The course has got me all charged up about sailing again for the first time in about 15 years… and now I’m looking at getting into dinghy racing and having a go at a Pico or a Laser. Working up to skiff sailing, you see, in my dreams ha ha ha.

I’m also still thinking about getting more big boat experience – and possibly doing the RYA Day Skipper and Yachtmaster certifications. They do these at Docklands, but I’ve been told that it may just be easier (and more fun) to head down to the Solent and do the course in a week at one of the sailing schools down there. There’s plenty of well established schools round Port Solent and Southampton, like Sunsail. Talking with some of the people down at Docklands, it’s also apparently generally quite easy to get to be crew on random boats out of the Solent if you just head down there and hang around the docks a bit (especially during a big event like Cowes). A nice cheap way of getting bigger boat experience, though goes without saying you’re going to have to work for it.

Dartmoor & Devon

So last weekend I went to Devon for the first time in my life. I’m amazed that it’s taken me 33 years to get there, given the outdoorsey sort of person that I am.
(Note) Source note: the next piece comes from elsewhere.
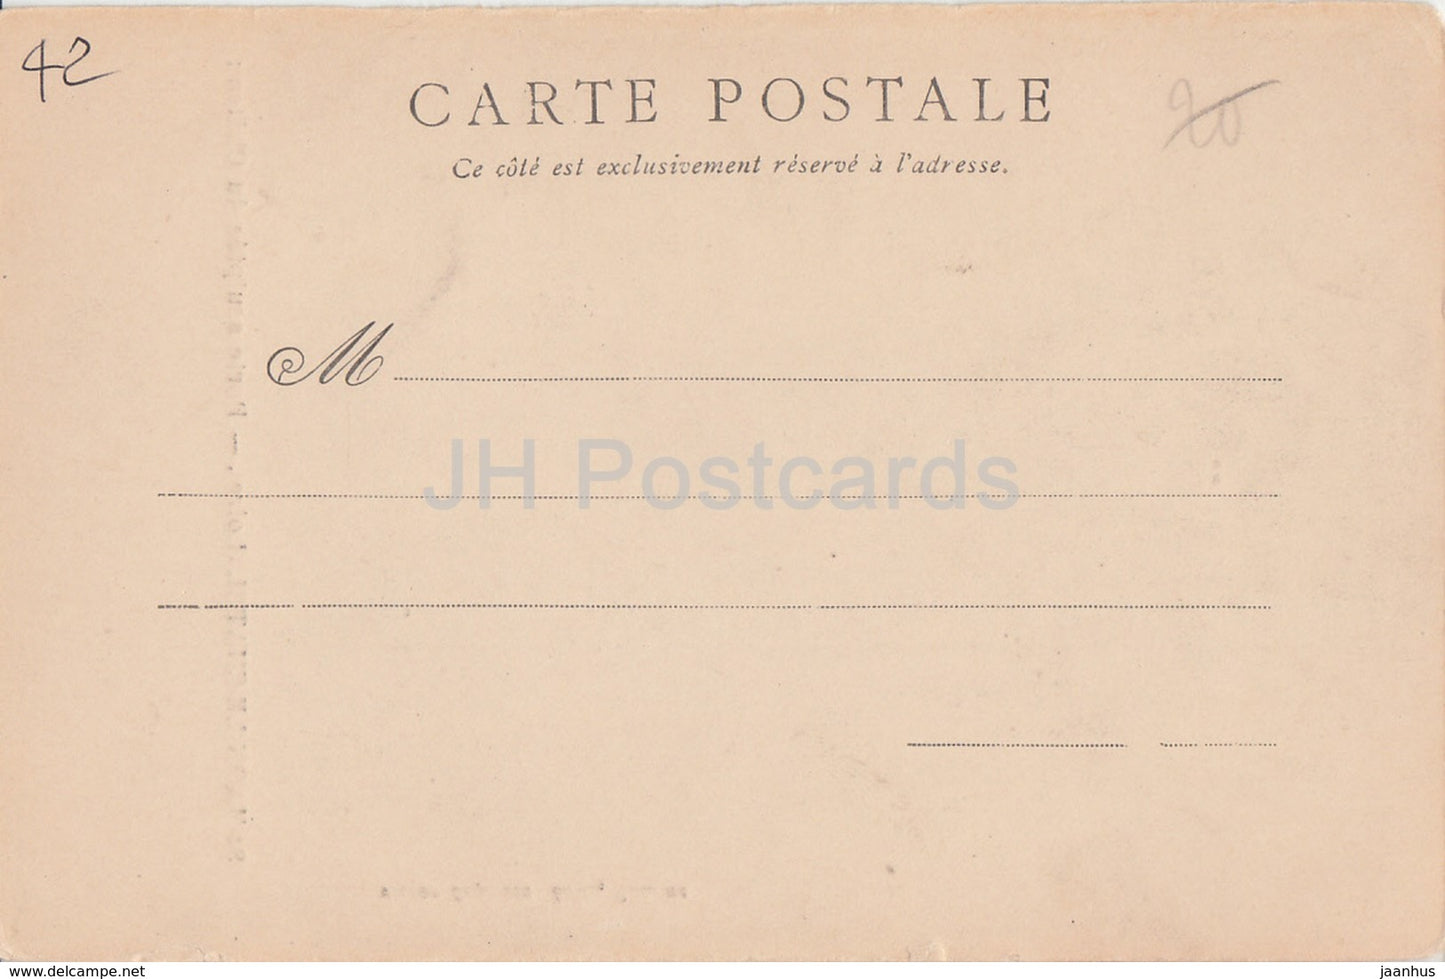 St Haon Le Chatel - Porte sculptee du Chateau - castle - old postcard - France - unused

I think having a childhood spoiled with the Yorkshire Dales, the Lakes and Northumbria kind of kept Devon and Cornwall low on my list of places to visit in this country.

So my first experience of Devon was a wind and rainswept night spent rough camping on Dartmoor last Friday night. We had the tent pitched by12:30am – quite difficult, actually, not because of being in absolute and utter darkness, but because of the difficulty in finding a tent sized pitchable area in the dark without cowpats on it. We were woken up at 3am by some pretty strong winds and heavy rain which lasted until 4pm the following day. Lovely. Still, it was a cool experience, snug in a little tent, knowing that you are the only people for miles around.

The next day we chickened out and headed for a campsite near Slapton Sands on the coast, where the weather got a lot better. A very different kind of beauty to wild and desolate Dartmoor.

Overall, I think Devon is a lovely place, and I’m sorry that it took me so long to actually go and check it out. But I still think I prefer the Northumbrian coast to the Devon coast, and the Yorkshire Dales to Dartmoor. As wild and as desolate as Dartmoor is, I still think the Dales is wilder and more dramatic, especially the area of the moors west of Pateley Bridge heading towards Grassington. And Devon definitely gets more tourists, and is more geared up to them, so it has a more touristy feel, I think. But then again, I am a Northern Git, so I’m probably biased.